There's an interview in The Nation and posted on Kos with John Edwards. It's a great article, although admittedly a little too antagonistic to Bill Clinton for my tastes (I make no secret of the fact that I'm a relative moderate on DU).
The article is about Edwards and mostly about his work with poverty. (Why couldn't this man be our Vice President right now, or even President?)
http://www.thenation.com/doc/20051128/moser/Here's the relevant passage:
http://www.thenation.com/doc/20051128/moser/3In an interview after the UNC speech, Edwards finally utters the words he'd assiduously avoided during the last campaign:
"I voted for the resolution," he says.
"It was a mistake." So far, so good.
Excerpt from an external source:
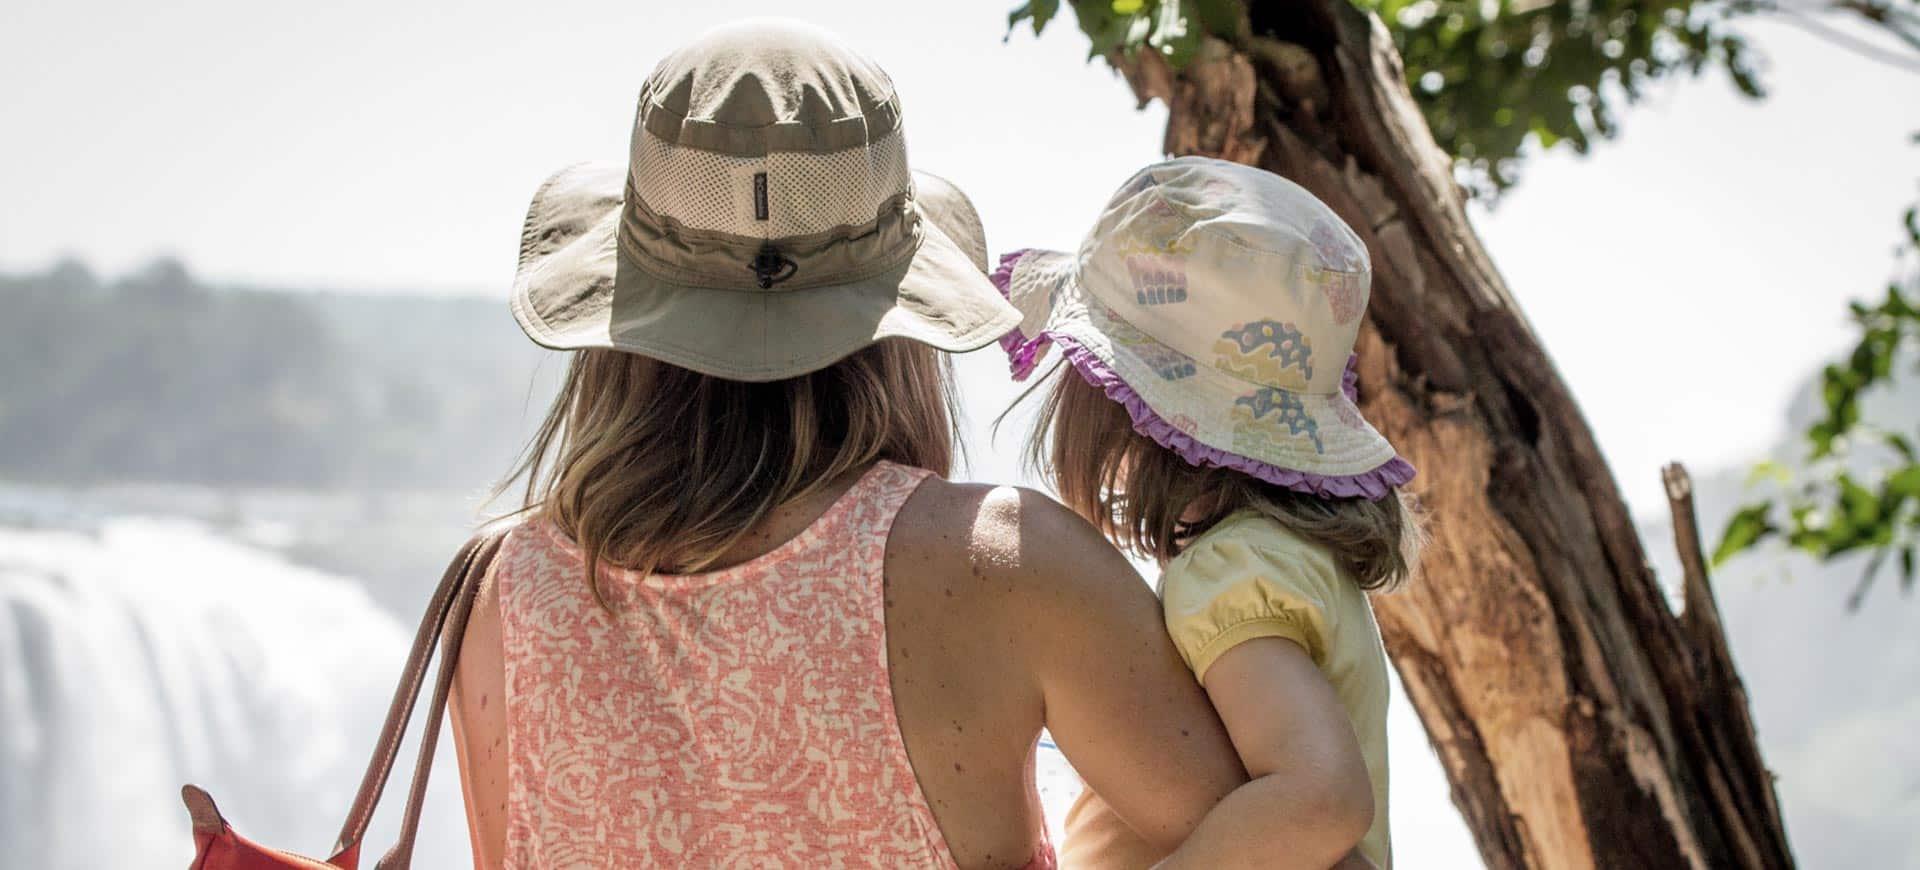 Victoria Falls Activities For Children

But he goes on, "The hard question is, What do you do now? Looking back, it's easy to say that it was wrong and based on false information.
Anybody who doesn't admit that isn't honest, and that's the truth." So what now? "I myself feel conflicted about it," Edwards replies. "But we have to find ways--and I don't mean just yanking all the troops tomorrow--but we have to find ways to start bringing our troops home.
Our presence there is clearly contributing to the problem." So does he agree with Senator Russ Feingold that Washington should set a withdrawal deadline? "No. Even if we're going to say that internally, that we're gonna have our troops out by X date, there's no reason to announce that to the world. I think that's probably a mistake." He doesn't agree, either, with Senator Clinton's call for more US troops to finish the job?
"No sir!" Edwards says, sitting straight up in his chair. "Did she really say that?"<snip>
Edwards steadfastly declines to revisit the last campaign. "If you don't mind," he says, "I'd rather talk about the future." But as he touts his antipoverty crusade and dissects the morass Democrats find themselves mired in, it is clear that Edwards has done some hard thinking about the lessons of 2004--and about the political opportunity that presented itself in the terrible wake of Hurricane Katrina.
Lesson One: Stop thinking small. "I think in our effort to be elected, we've become minimalists, tinkering around the edges--Our tax cut is better than yours, or, We'll give you smaller class sizes," he says. "That's not what the country wants. We've got to give the American people something big and important to be unified by. Republicans use big things to divide America. I think we can use big things to unite America."
***
It's a great article overall. It's still 3 years away, but I'm increasingly leaning towards Edwards as my pick, although I'm also keeping options open for Warner, Clark, Kerry, and Feingold. And I will almost certainly vote for the nominee, even Hillary, who I have major issues with on the war but think some of the attacks she gets on the blogosphere are unfair. Although I suppose that I might be tempted to vote for Hagel if he were the nominee and were promising to get us out of Iraq and the Democrat were someone urging a "stay-the-course" strategy.